Ждали, пока вагончик дойдёт до верхней опоры. Он там всегда вздрагивал — как лошадь перед прыжком. И вот тогда звук — удар, писк, короткая жалоба железа — летел вниз, ударялся о скалы и возвращался обрывками. Не каждый слышал одно и то же. Кто-то клялся, что всегда два раза, кто-то — что три. Бывали вечера, когда будто бы возвращалось слово. Не звук, а именно слово: чужое, не отсюда, с твёрдыми согласными. В такие вечера мальчишки делались серьёзными и, сами не понимая почему, говорили вполголоса.
Ярёму звали не Ярёмой, конечно. Его так прозвали за то, что он никогда не торопился и всегда держал руки в карманах, как взрослый. Настоящее имя у него было — Ярко. Но это знали разве что в конторе комбината да женщина, у которой он жил на окраине, в доме с перекошенным крыльцом. Про родителей Ярко никто толком не знал. «Привезли с перевала», — говорили одни. «Нашли возле купели на Покров», — говорили другие. Третьи сочиняли так, будто сами стояли со свечой: «Утром, в росе, лежал на крыльце церковном, а рядом — монета, чтобы не отказали». Каждый выбирал версию по своему характеру. Но все сходились на одном: мальчишка чужой и при этом — как будто слишком свой, потому что он умел то, что не умели остальные.

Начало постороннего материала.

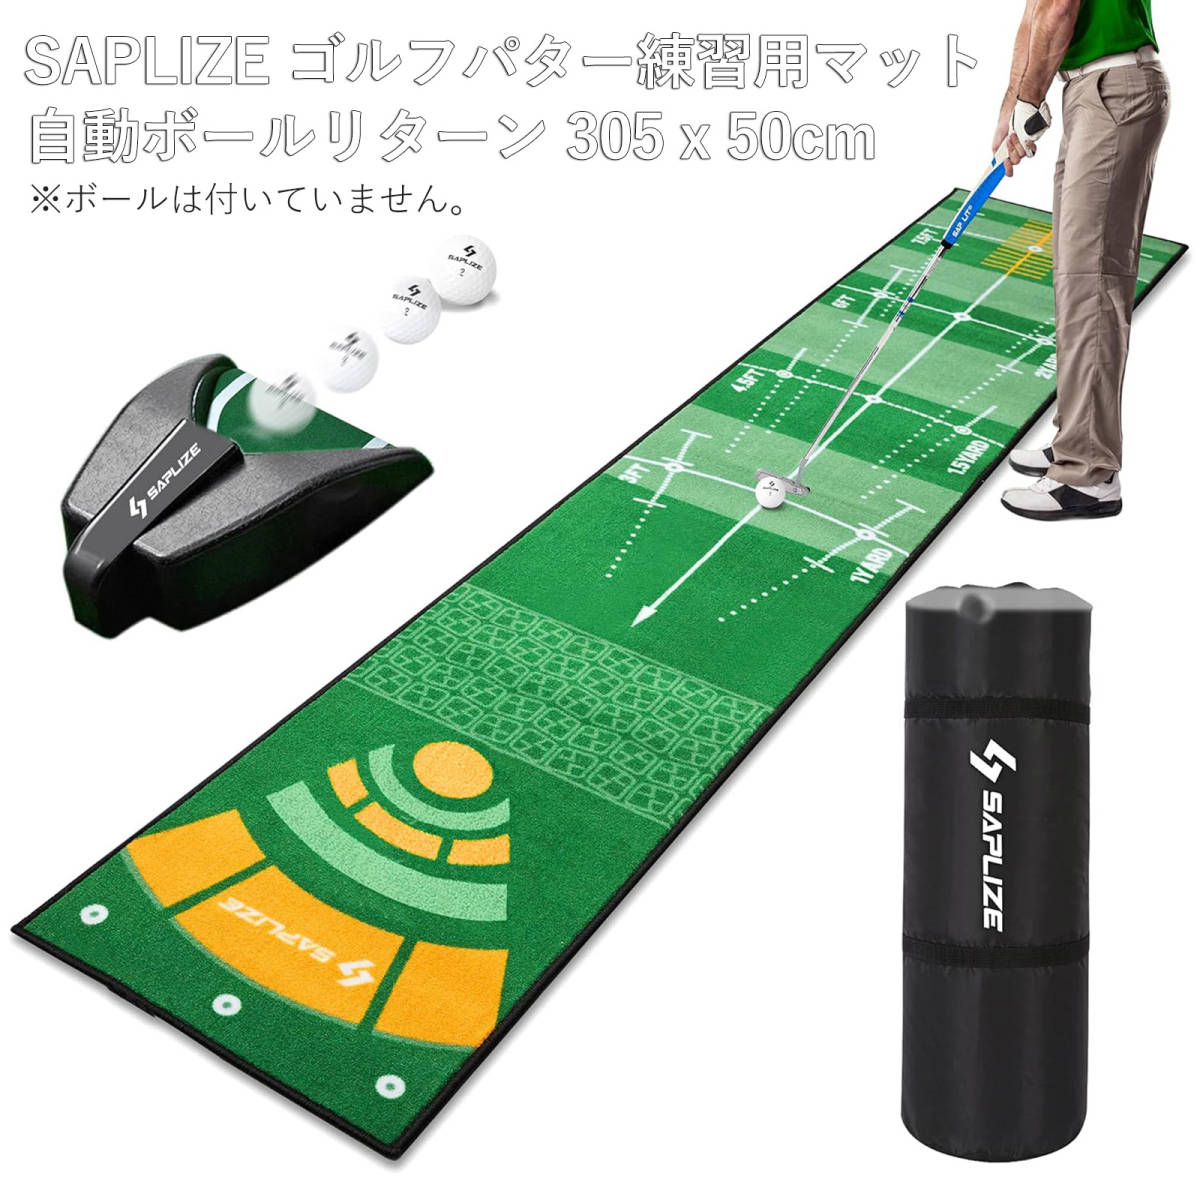 ゴルフ マット Saplize セープライズ ゴルフ パター 練習 マット 自動ボールリターナー付き 滑り止め 50*305cmの画像1

Он слышал гору всегда. Даже когда остальные спорили и махали руками, Ярко стоял, не шевелясь, и потом вдруг говорил:
— Было четыре.
— Не бывает четырёх, — возражал Ромка.
— Было, — спокойно отвечал Ярко и сплёвывал в сторону.
На слова он был скуп. Он почти никогда не объяснял, как знает. И этим раздражал: не тем, что умничает, а наоборот — тем, что не хочет быть умным напоказ. Когда его спрашивали, он смотрел так, словно вопрос не о звуке, а о том, куда девается человек после смерти, и отвечал так же просто:
— Так.
И всё.
В тот вечер за ними пришёл Панкрат.
Панкрат был не местный — из тех людей, у кого в речи слышится город, даже если он молчит. Он служил при доме Глеба Андреевича Скарина: ходил по поручениям, носил пакеты, чинил то, что не хочется чинить хозяину, и смотрел на людей так, как смотрят на вещи: без злобы, но меряя пригодность.
— Ярко! — крикнул он снизу, с тропы. — Иди. Глеб Андреевич ждёт.
— Пусть ждёт, — отозвался Ромка, желая показать, что они тут хозяева.
Панкрат не ответил Ромке. Он даже не поднял на него глаз — в этом была особая обида: будто тебя не оскорбили, а не заметили.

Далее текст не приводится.